WHAT YOU NEED TO DO
Lines before the one containing "Panamaレザー二つ折りカードケース、スナップボタン付き in orange" are not copied; that line and every one after it, through the end of the material below, are printed exactly, without pictures.

GIVEN MATERIAL

========

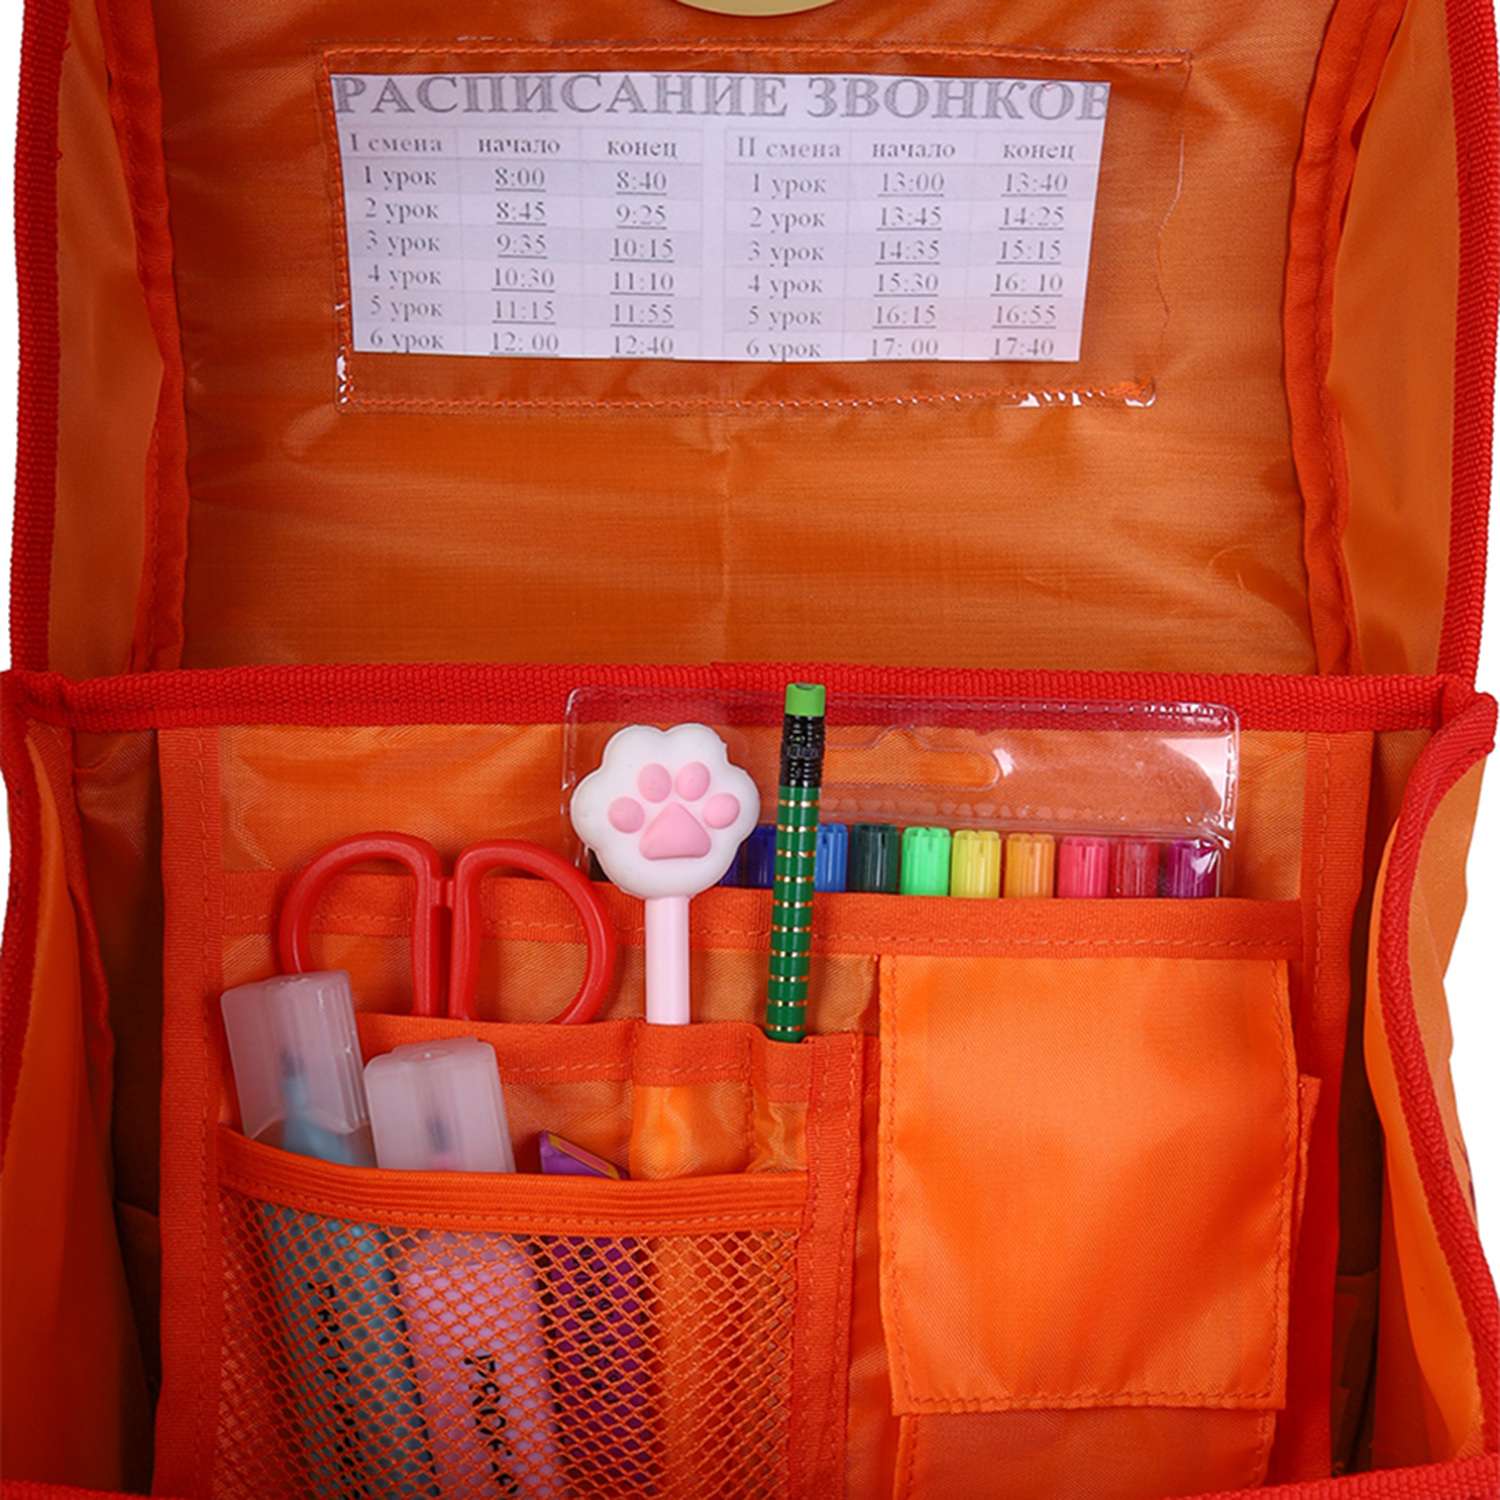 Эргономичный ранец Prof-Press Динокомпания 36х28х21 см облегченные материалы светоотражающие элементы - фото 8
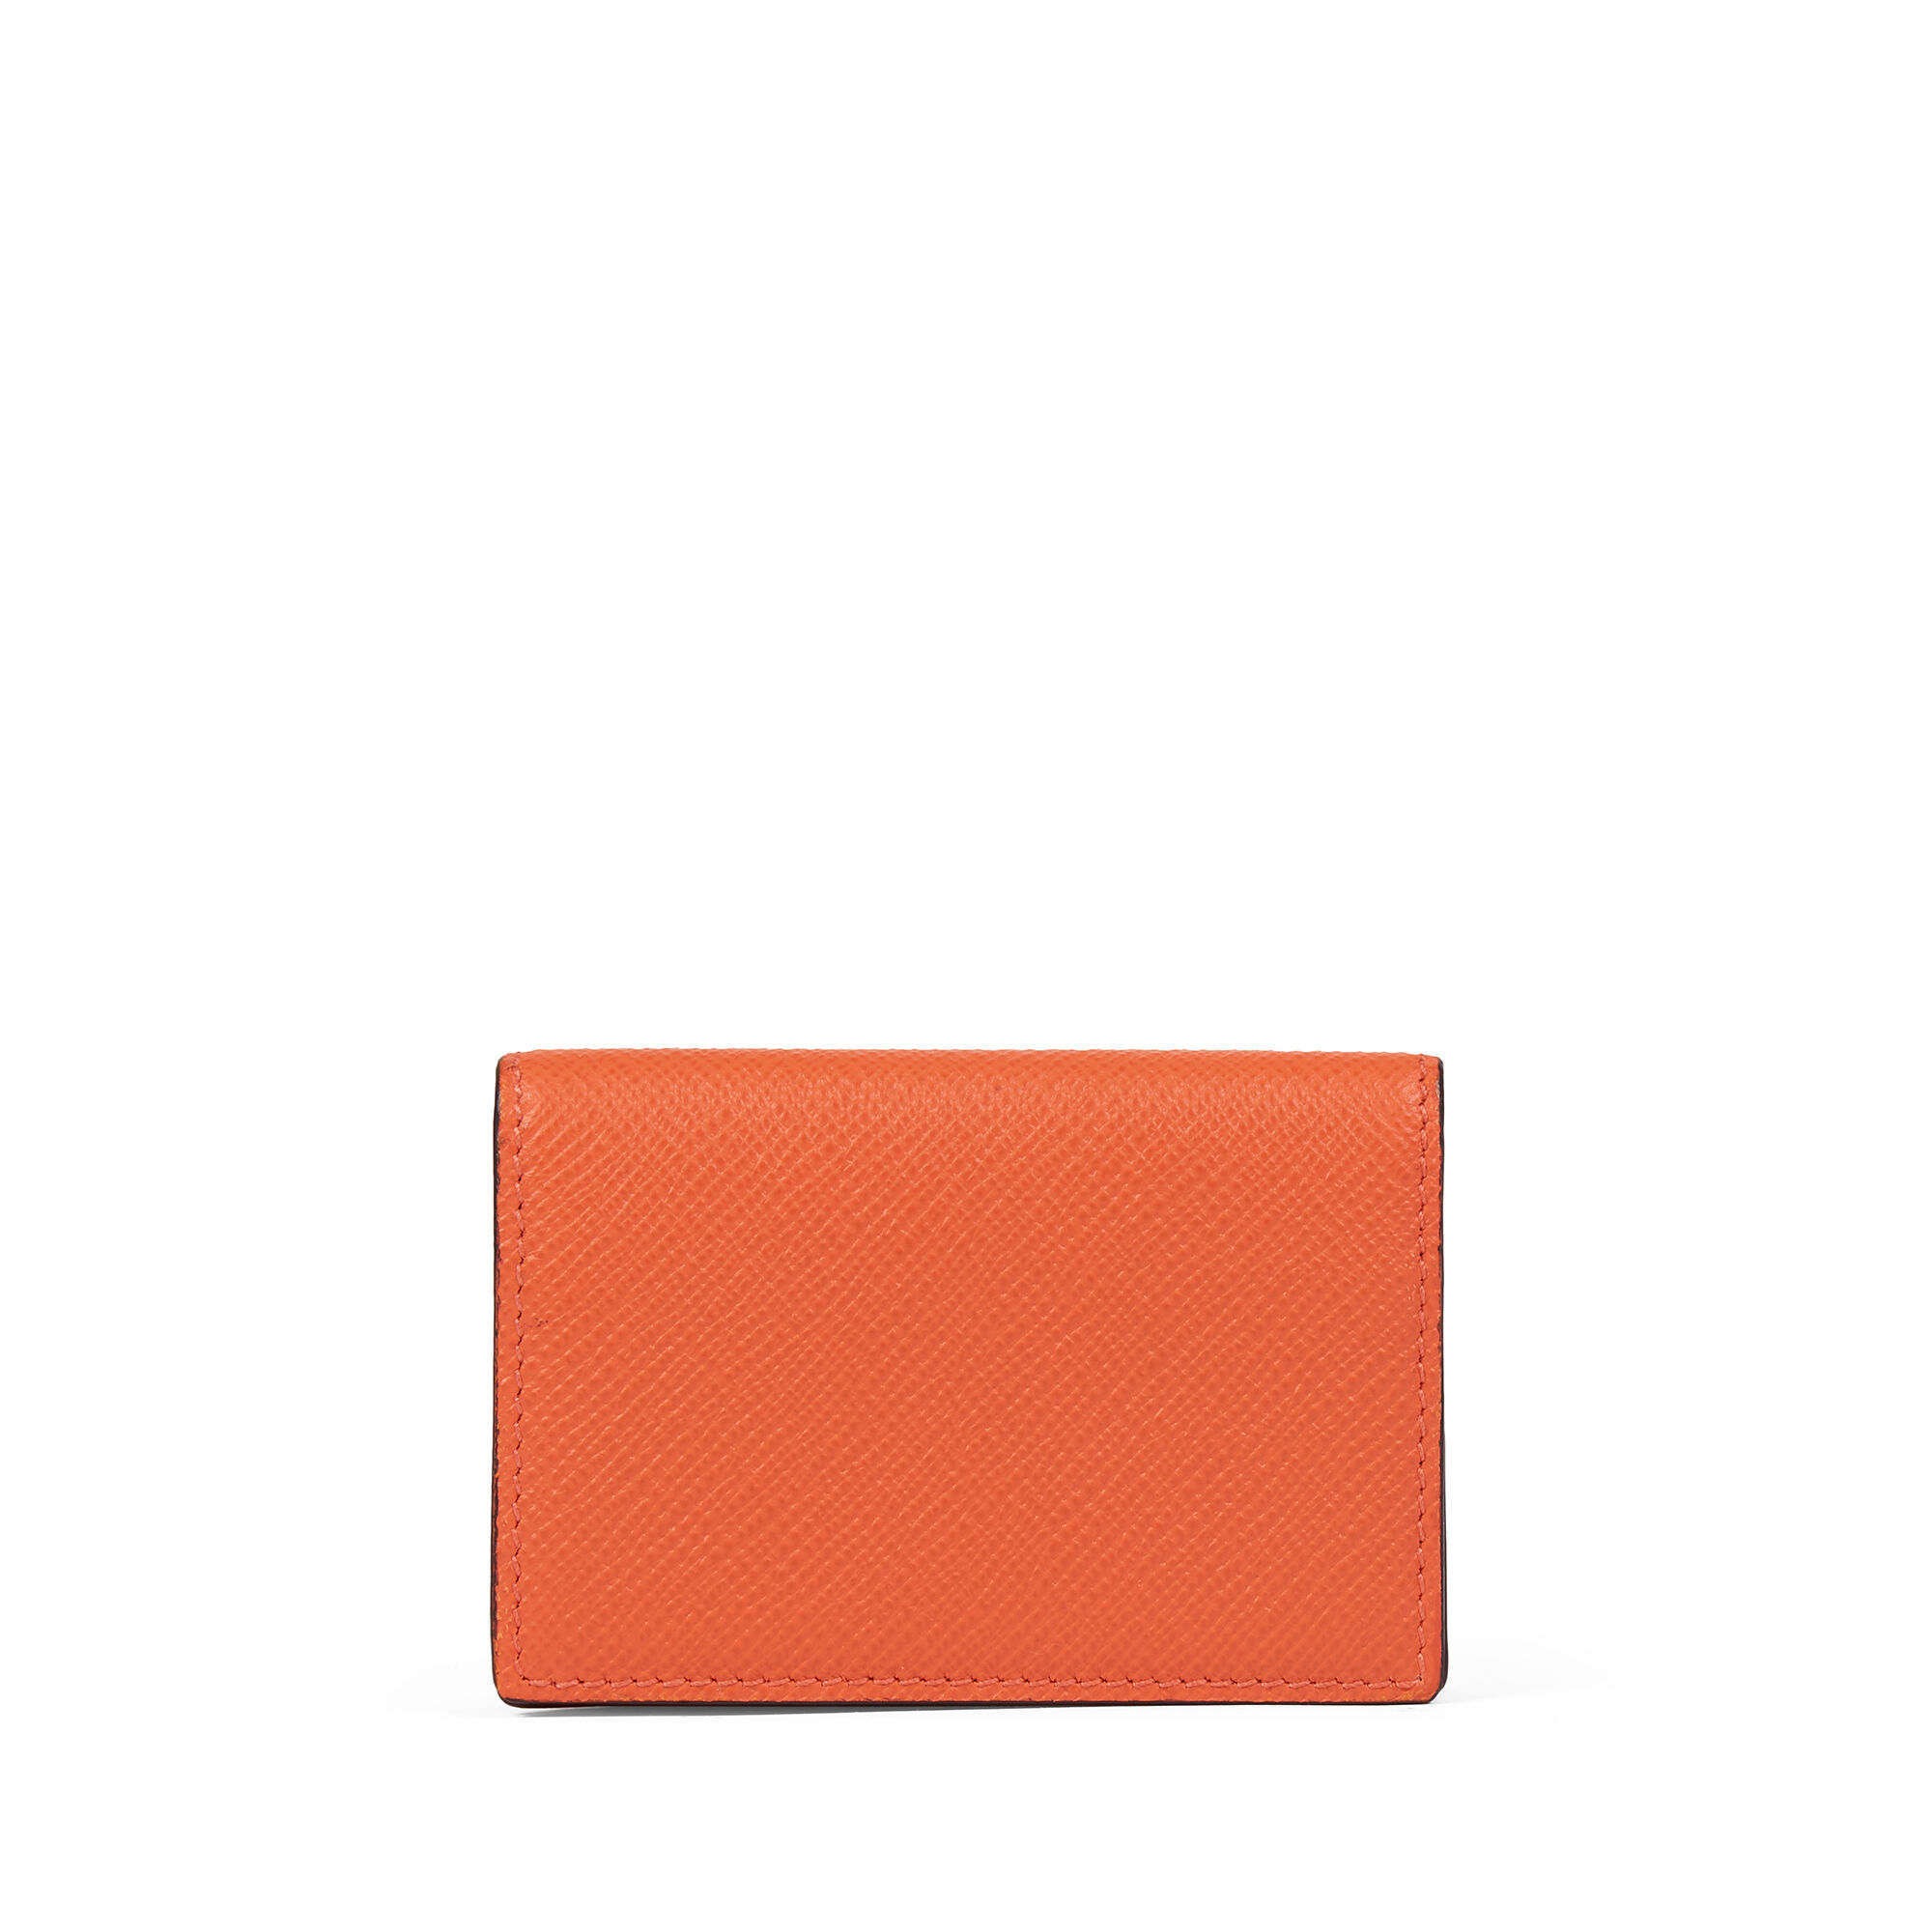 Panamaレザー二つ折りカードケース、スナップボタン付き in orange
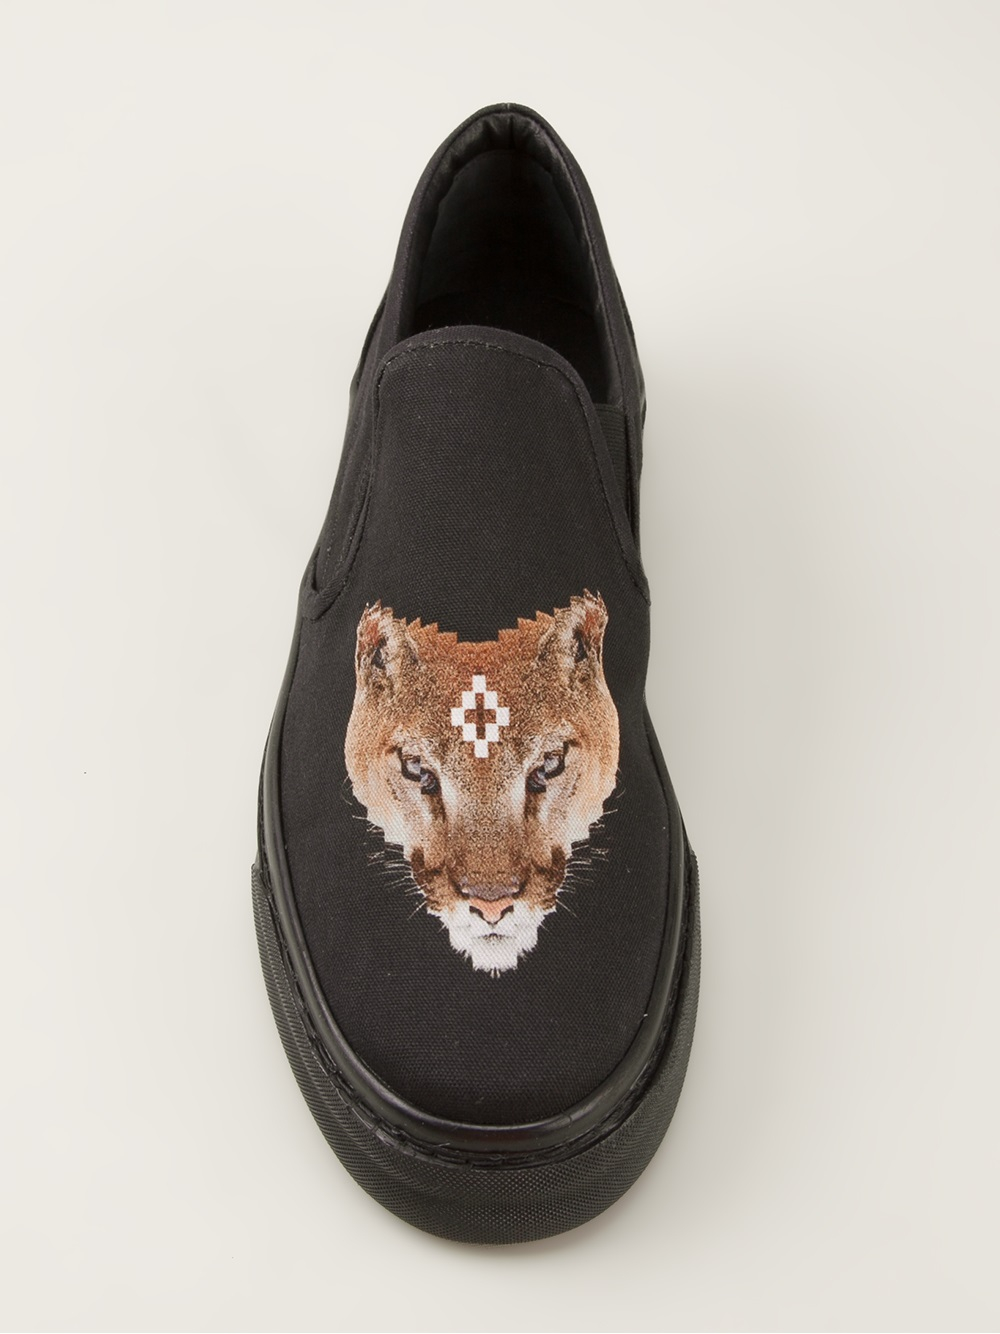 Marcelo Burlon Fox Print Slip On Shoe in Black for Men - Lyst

========

RESPONSE BELOW
 Panamaレザー二つ折りカードケース、スナップボタン付き in orange
 Marcelo Burlon Fox Print Slip On Shoe in Black for Men - Lyst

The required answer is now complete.